Sharing a Workspace with Your Team

Railway uses Teams for collaboration:

  1. Go to Settings > Teams > Create Team
  2. Add members by their Railway username or email
  3. Team members can see all projects and services in the team workspace

Each team member needs their own Railway account (Hobby plan recommended). One person creates the team, everyone else joins. This is how your project groups will collaborate on a shared database and shared services.

Creating a Project

  1. Click New Project from the Railway dashboard
  2. Give it a meaningful name (e.g., “DATA 503 - Team Weather”)
  3. Railway creates a default environment called production; you can rename it if you want

This project is the container for everything we build today: the database and the ingestion services.

Setting Up PostgreSQL on Railway

Adding a Postgres Service

Inside your project:

  1. Click New (the purple button)
  2. Select Database > PostgreSQL
  3. Railway provisions a Postgres instance in about 10 seconds

That is it. You now have a cloud database.

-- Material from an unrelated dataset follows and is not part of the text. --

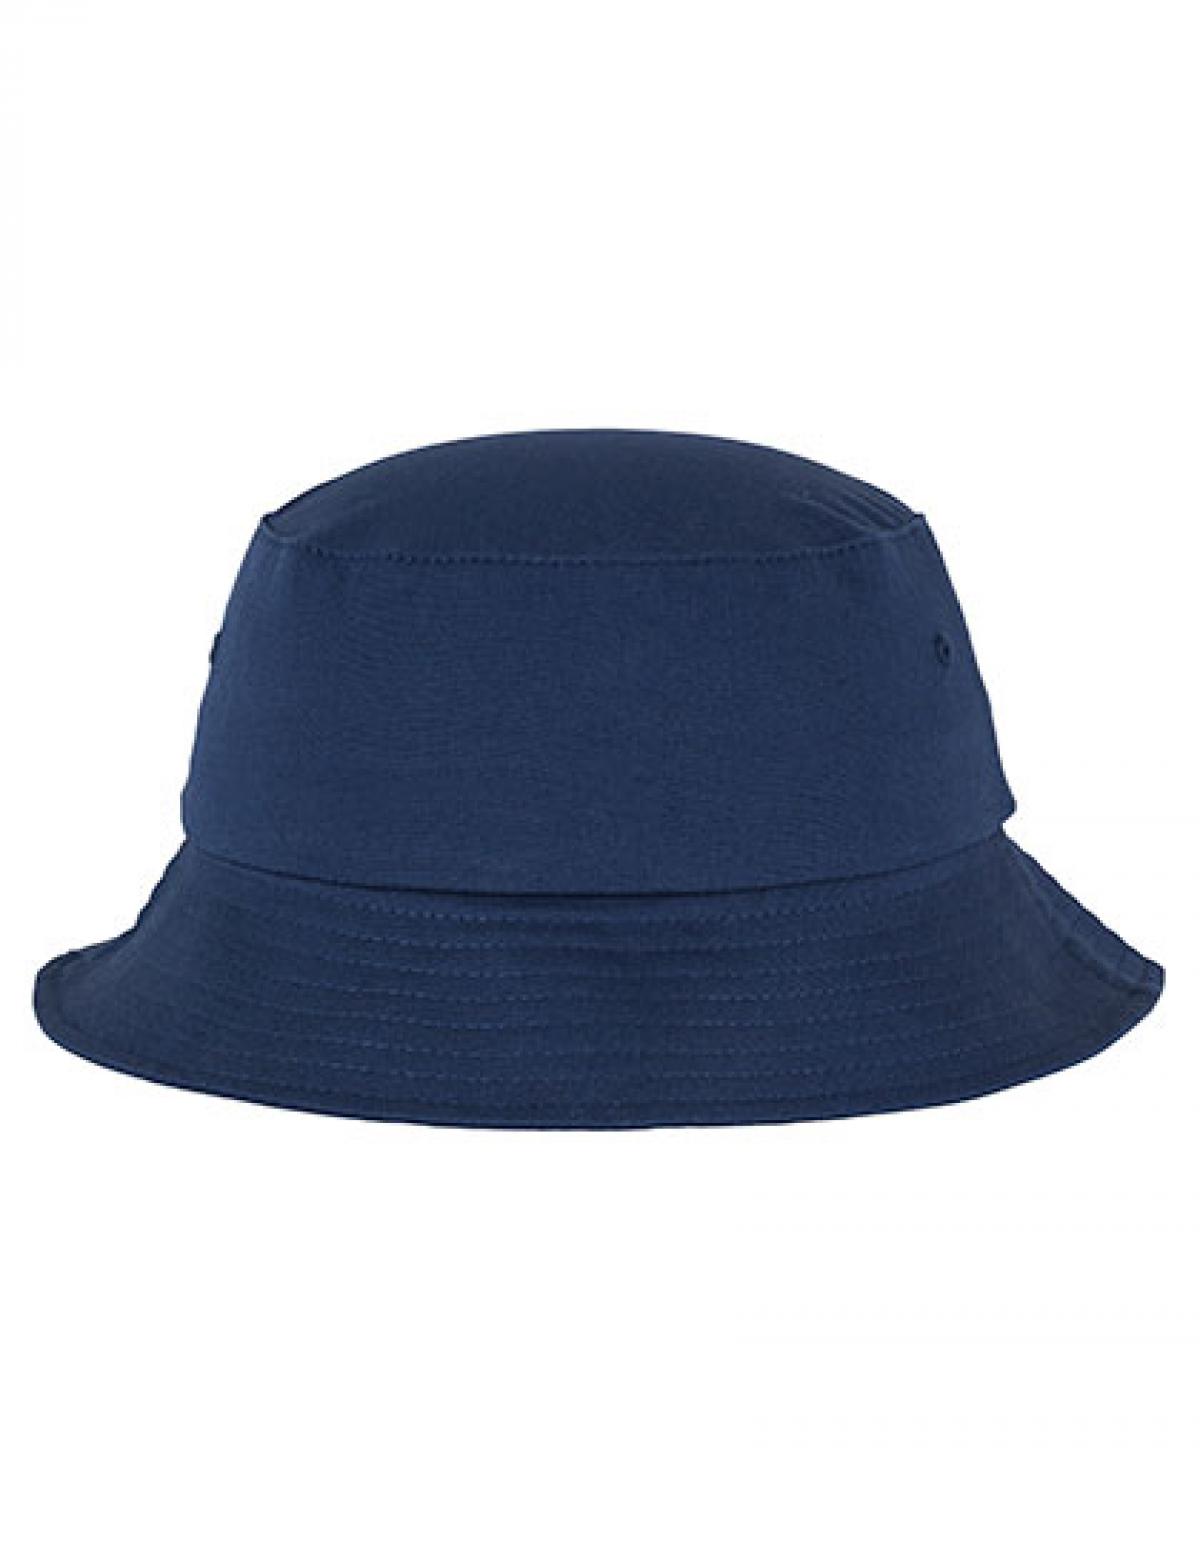 | / / FLEXFIT / Bucket Hat Twill Hut eBay Mütze Cotton Kappe |

Understanding the Connection Variables

Click on your Postgres service and open the Variables tab. You will see a wall of variables. Here are the ones that matter:

Variable What It Is Where You Use It
DATABASE_URL Internal connection URL Used by other Railway services in the same project (fast, no internet routing)
DATABASE_PUBLIC_URL Public connection URL Used by external tools like Beekeeper Studio and pgAdmin (goes over the internet)
PGHOST, PGPORT, PGUSER, PGPASSWORD, PGDATABASE Individual connection components Alternative to the URL, useful when a tool needs separate fields

Internal vs Public URLs

The internal DATABASE_URL is only accessible from within Railway’s network. Other services in the same project reference it as ${{Postgres.DATABASE_URL}} and it resolves automatically. This is fast because traffic never leaves Railway’s infrastructure.

The DATABASE_PUBLIC_URL is accessible from anywhere on the internet. This is what you paste into Beekeeper or pgAdmin on your laptop. It routes through Railway’s proxy, so it is slightly slower, but it works from anywhere.

Connecting with Beekeeper Studio and pgAdmin

Beekeeper Studio

  1. Open Beekeeper Studio
  2. Click New Connection > PostgreSQL
  3. Click “Import from URL”
  4. Paste the DATABASE_PUBLIC_URL from Railway
  5. Click Connect

That is genuinely all there is to it. Beekeeper parses the URL and fills in everything for you.

pgAdmin

pgAdmin requires you to fill in the fields manually:

  1. Open pgAdmin

  2. Right-click Servers > Register > Server

  3. General tab: give it a name like “Railway - Project Name”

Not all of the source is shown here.